Comunque, l’ho scoperta chiedendomi cosa sarebbe uscito cambiando la forma del foro, che tutti dicono debba essere il piu circolare possibile.

Esce questo:

pinhole4x5-2013-12-as-Smart-Object-1

Autoritratto.

La foresta, con pure un po di solarizzazione.

La foresta, con pure un po di solarizzazione.

Convergenza di idee.

La mia cadrega da relax in legno di pino.

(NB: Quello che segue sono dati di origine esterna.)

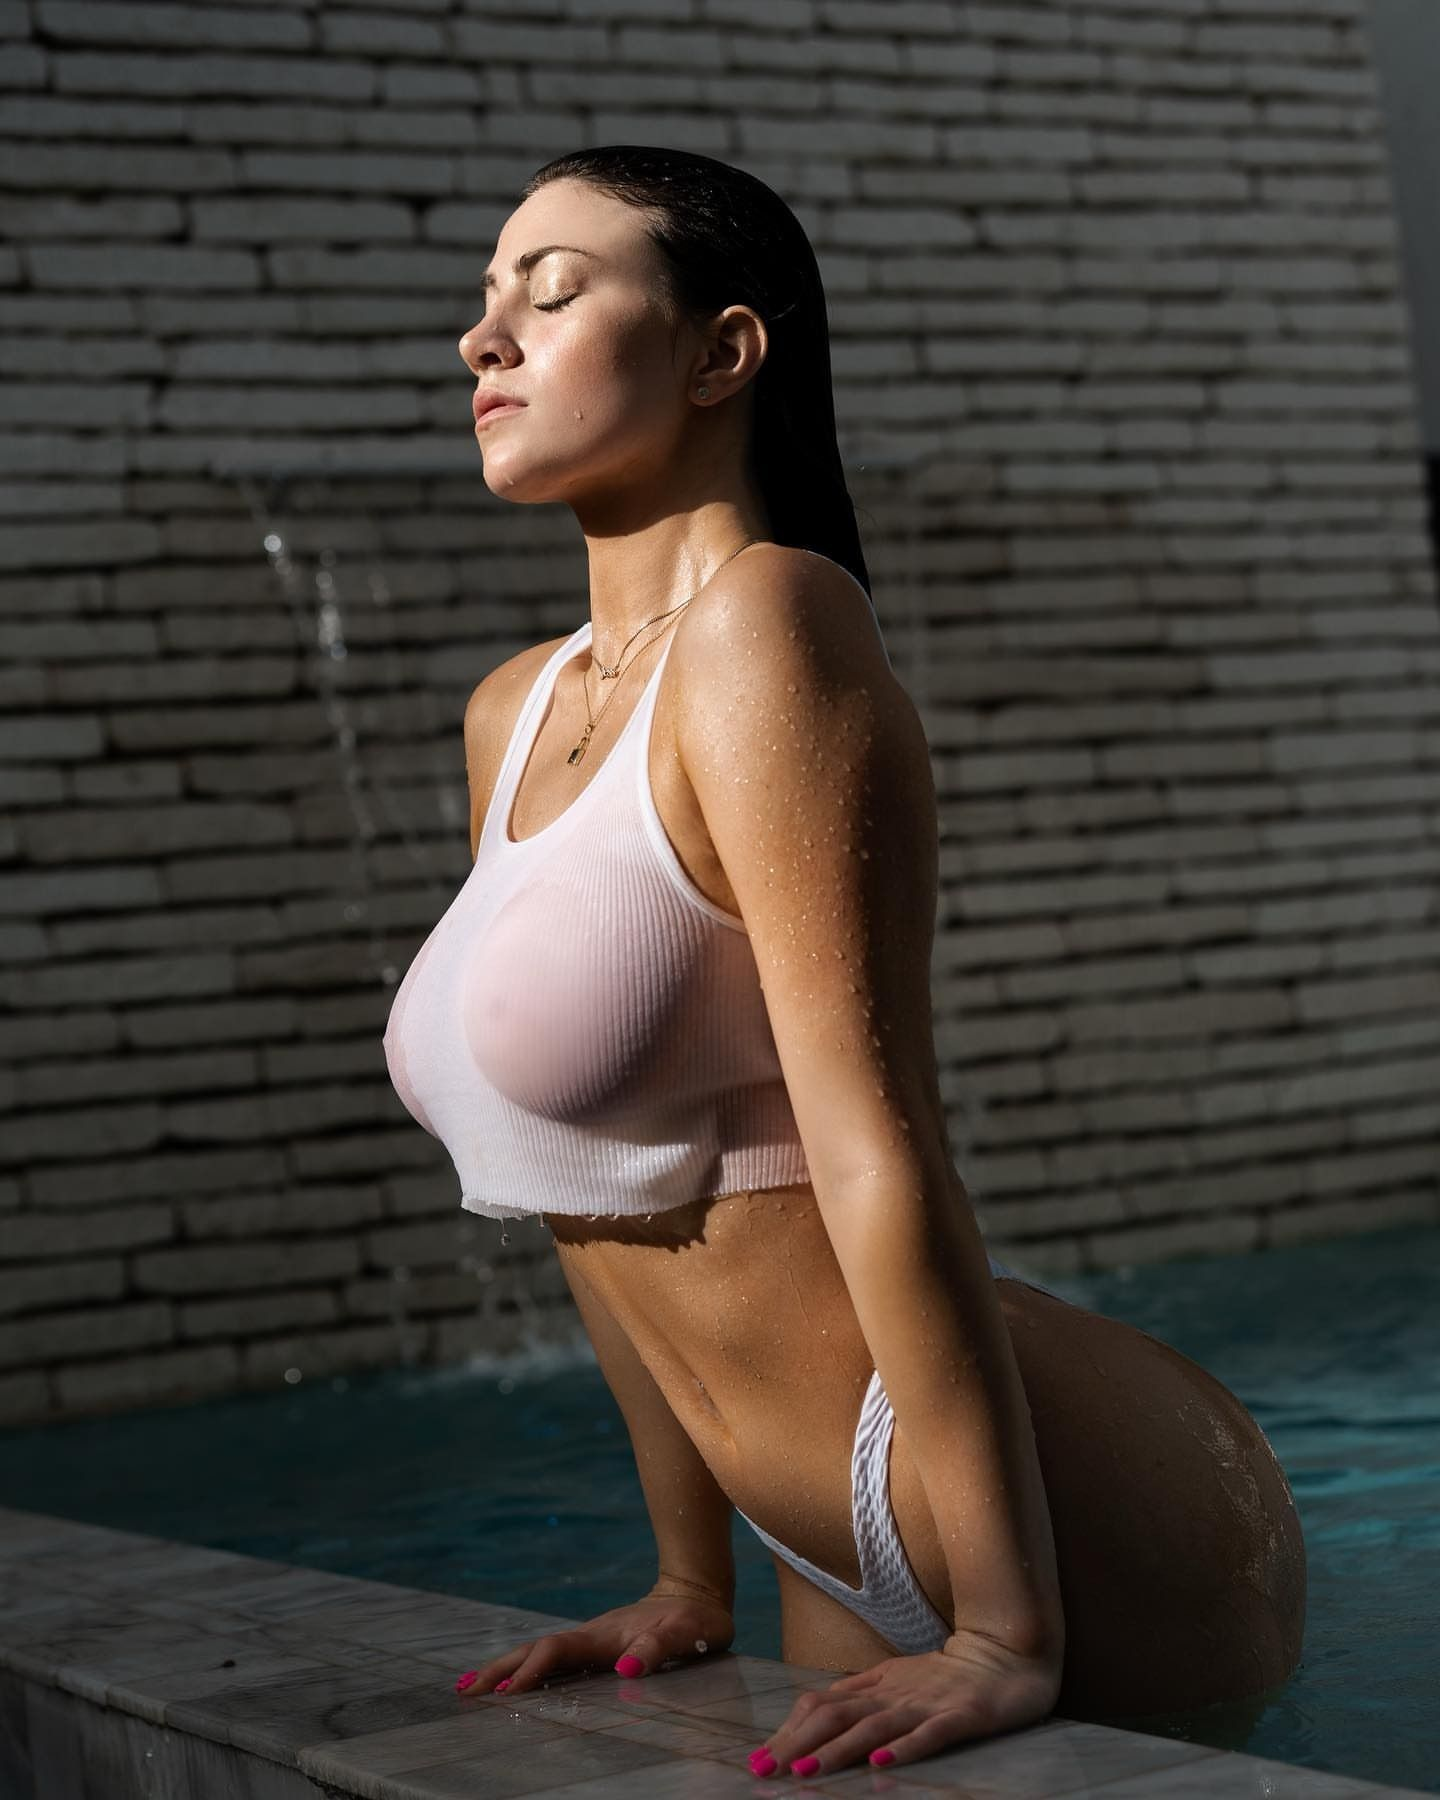 und bikini Lustig

Io ho lavorato per quanto? saran 4 anni? 5? coi mobili. Arredamento. Fotografavamo mobili ogni giorno. Le aziende ce li portavano e noi li fotografavamo. Ma sono pochi i mobili che mi hanno colpito, positivamente. Tanti mi passavan davanti senza suscitarmi nulla. I piu ormai eran fatti di pannelli di truciolare, fatti con abbondante colla che teneva insieme la segatura, ricoperta di plastica e spesso questa plastica ricordava il legno. Molti avevano gadget inutili e accessori ancor piu inutili, come luci a led in ogni anfratto, o complicati e costosissimi meccanismi di apertura delle antine o cappe aspiranti dalle forme futuristiche sulle quali però ci si sbatte la fronte. Ho visto persino antine elettriche, che si aprivano senza fatica e stupivano gli ospiti, o letti rotondi motorizzati rotanti.

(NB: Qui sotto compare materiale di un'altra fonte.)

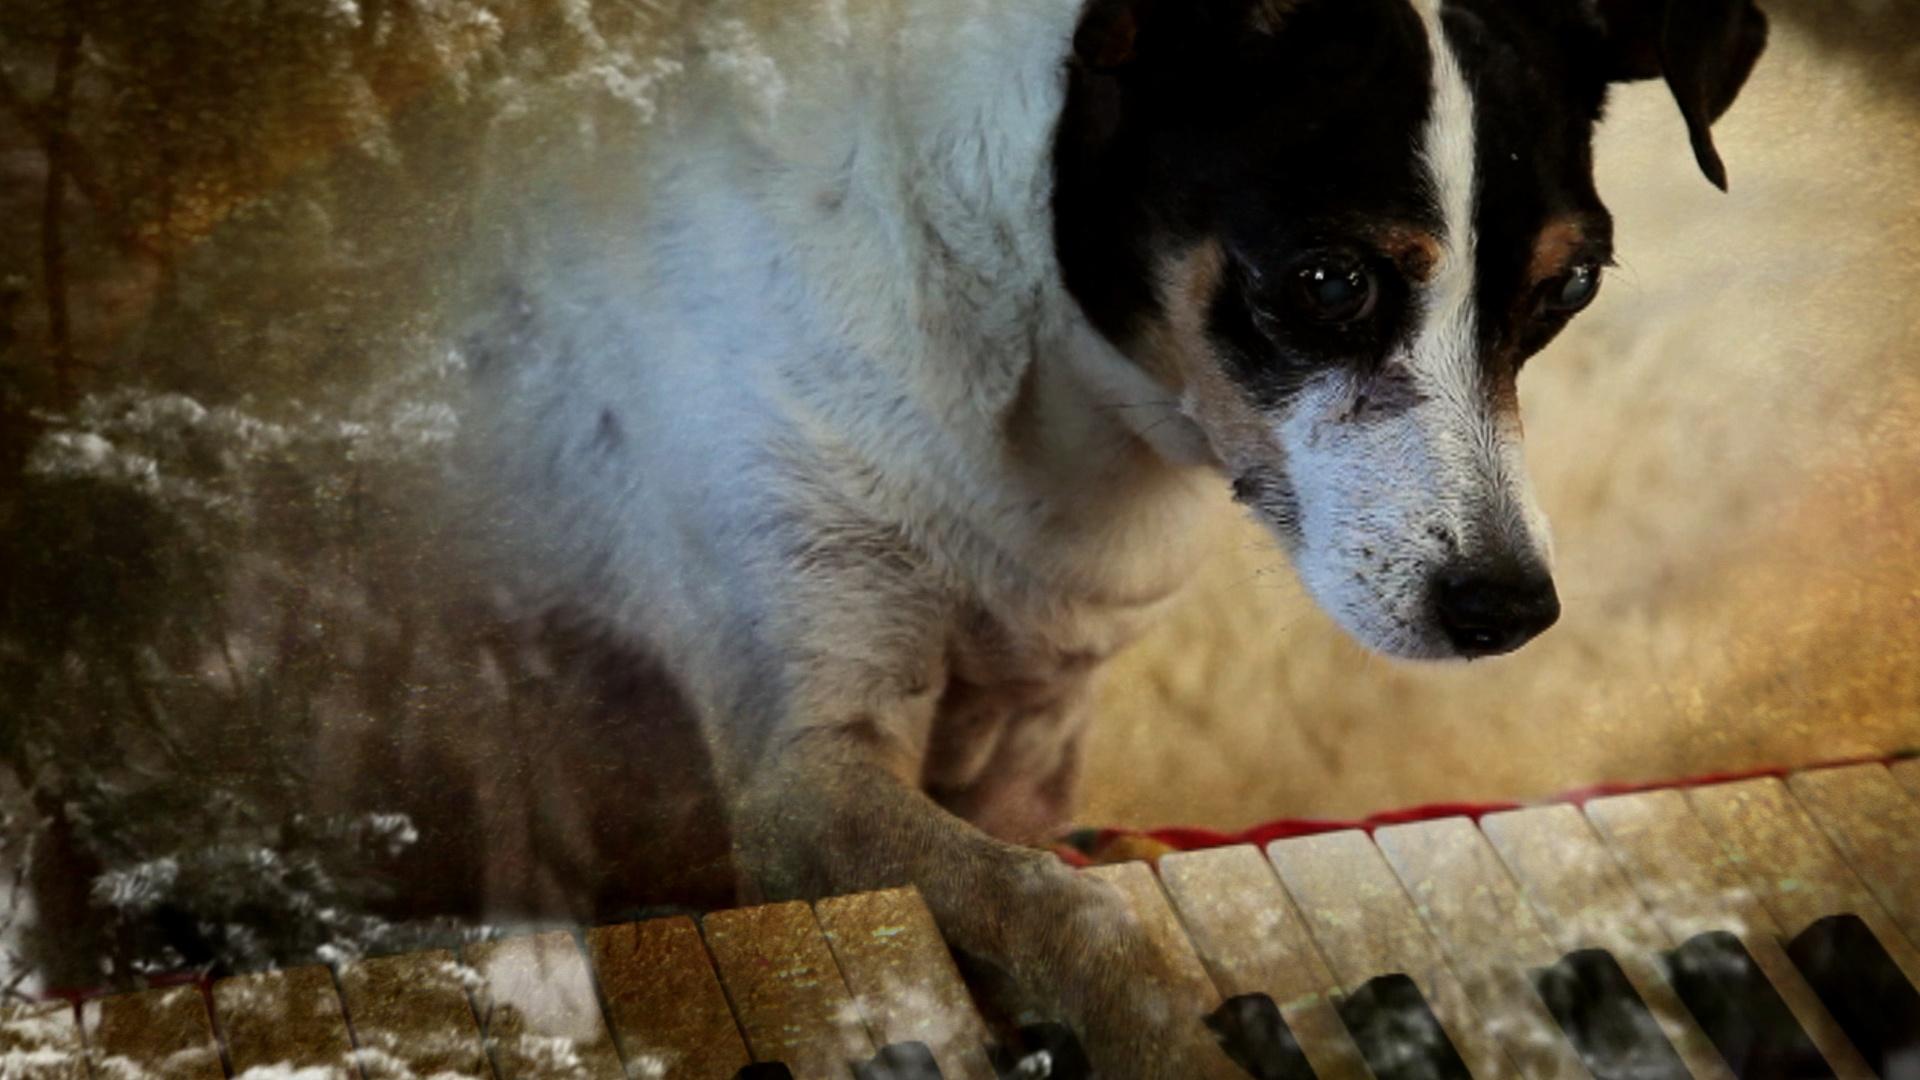 Lolabelle playing keyboard

Tanti erano mobili di design fondamentalmente inutili. Il loro design era superficialmente decorativo.

Io ho quell’età dove la gente inizia a sistemarsi, e pensare alla casa. Non è un mio problema, perché una casa mia è molto in là a venire. Però gli amici miei lo fanno, e ne parlano con me, e mi mostrano le idee e le loro case nuove. Io però vorrei spiegargli che quello che comprano tra negozi e cataloghi non gli è tutto necessario, e di sti tempi che paiono così difficili certi sacrifici potrebbero risparmiarseli e vivere così un po meglio, ma è molto difficile farglielo capire. Hanno l’idea comune del bello troppo radicata come necessità.

Vedendo gli amici miei ho capito che forse il mio lavoro non faceva del bene alle persone, perché quel che facevo serviva più che altro a creare desideri di cose di cui la gente non ne ha bisogno, serviva a inculcare bisogni di cose inutili, a vendere oggetti belli ma superflui che non facevano altro che alimentare il consumismo, a rendere schiave le persone del “così si fa perché fan tutti così.”

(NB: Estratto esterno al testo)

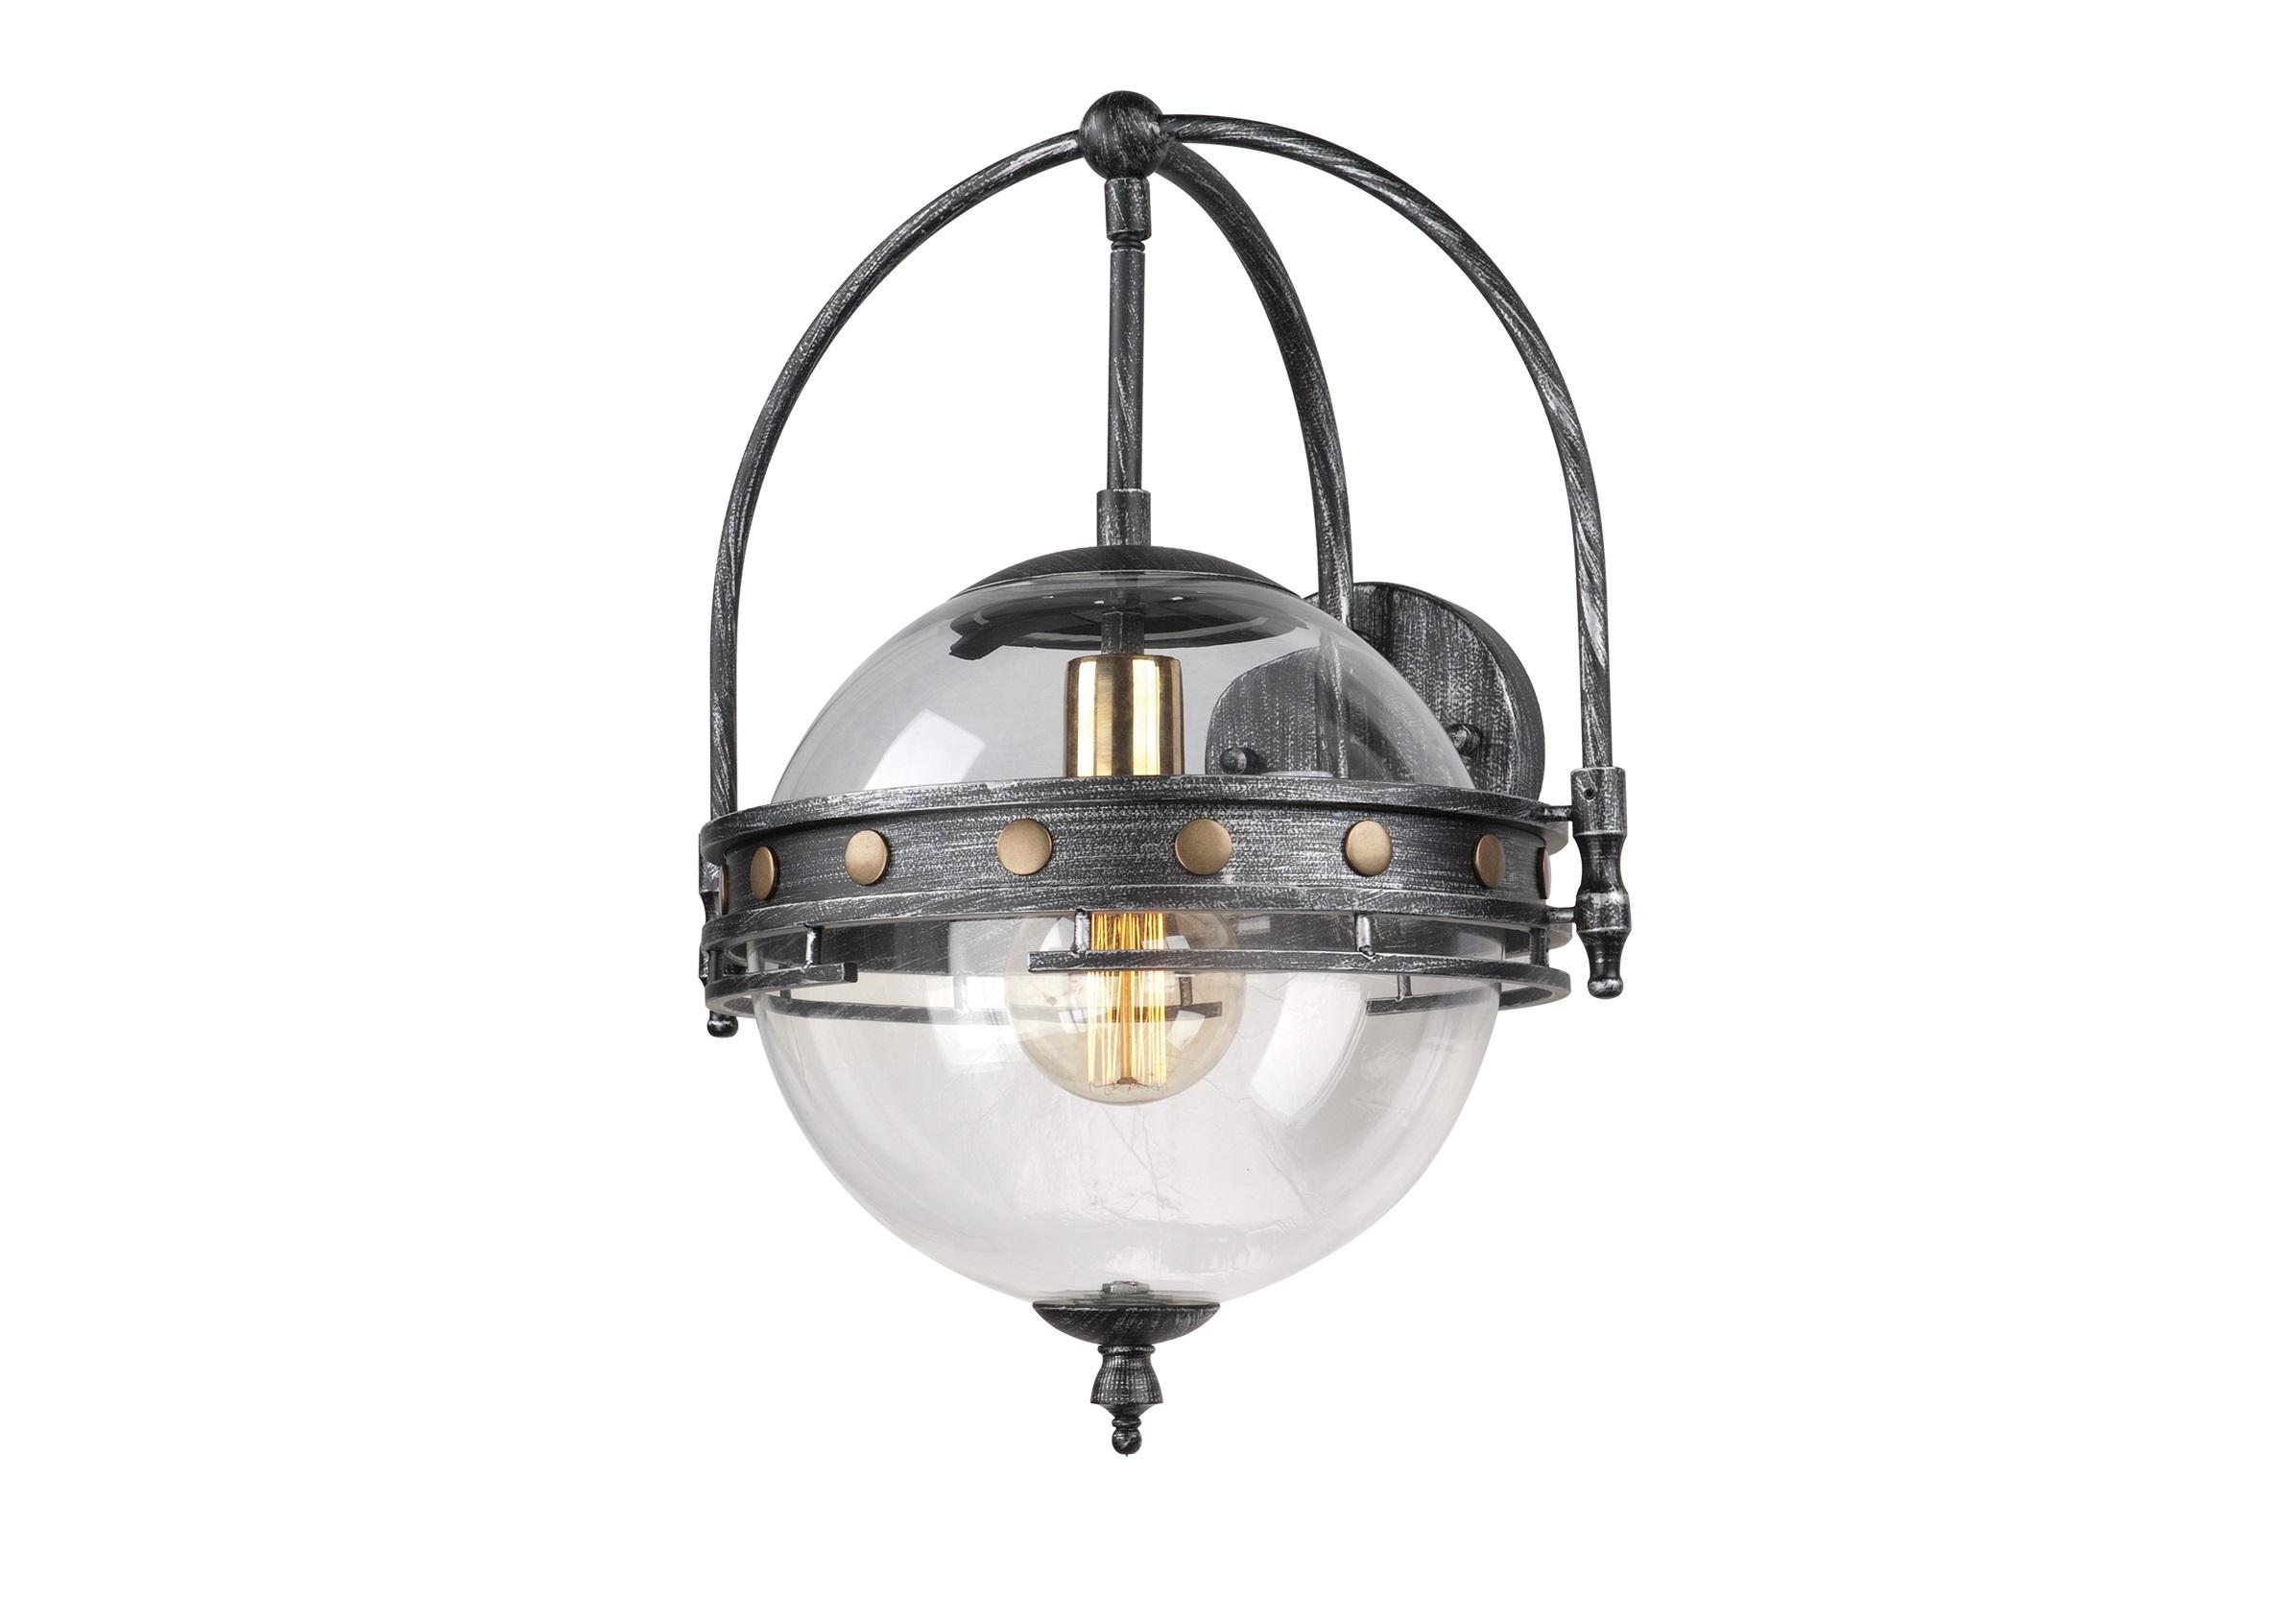 Настенный светильник LSP-9181Уличные настенные светильники<br>&amp;lt;div&amp;gt;&amp;lt;div&amp;gt;Вид цоколя: E27&amp;lt;/div&amp;gt;&amp;lt;div&amp;gt;Мощность: 60W&amp;lt;/div&amp;gt;&amp;lt;div&amp;gt;Количество ламп: 1&amp;lt;/div&amp;gt;&amp;lt;div&amp;gt;Наличие ламп да.&amp;lt;/div&amp;gt;&amp;lt;/div&amp;gt;<br><br>Material: Металл<br>Length см: None<br>Width см: 33<br>Depth см: 37<br>Height см: 45

Anche per questo ho smesso di fare quel lavoro, o almeno lo faccio molto meno.

In positivo però ricordo forse solo un tavolo. Era di legno legno, legno abbastanza vero, lamellare. Quello m’ha colpito perchè era solido e un po ruvido e di forma semplice, piacevole. E poi una cadrega, ma questa non ce l’avevano portata ma ce l’eravamo costruita con legno vecchio, ruvido, di recupero, e la usavamo come complemento nelle foto. Sapete, montano i mobili e poi ci si aggiunge qualcosa intorno per ambientarli. Da lì ho iniziato a pensare come poter fare i mobili da me. E così ho provato. Prima con un tavolo quadrato per un’amica che lavorava con me, la Francesca; questo l’ho fatto perché ne aveva bisogno, e io pensavo di saperlo fare. Funziona bene e lei ne è tutt’ora molto felice. Ma lei, l’amica mia, è stata formata dal lavoro, e la pensa come me.
Poi c’ho preso gusto e ho costruito due poltroncine, un tavolo rotondo, due scaffali, una panca, e ho buttato giu lo schizzo e comprato il larice per costruire delle sedie piu snelle, per un tavolo da pranzo. Probabilmente all’Ikea spenderei lo stesso, o forse anche meno, non lo so perché non ci sono mai stato, ma il senso di far queste cose è un’altro.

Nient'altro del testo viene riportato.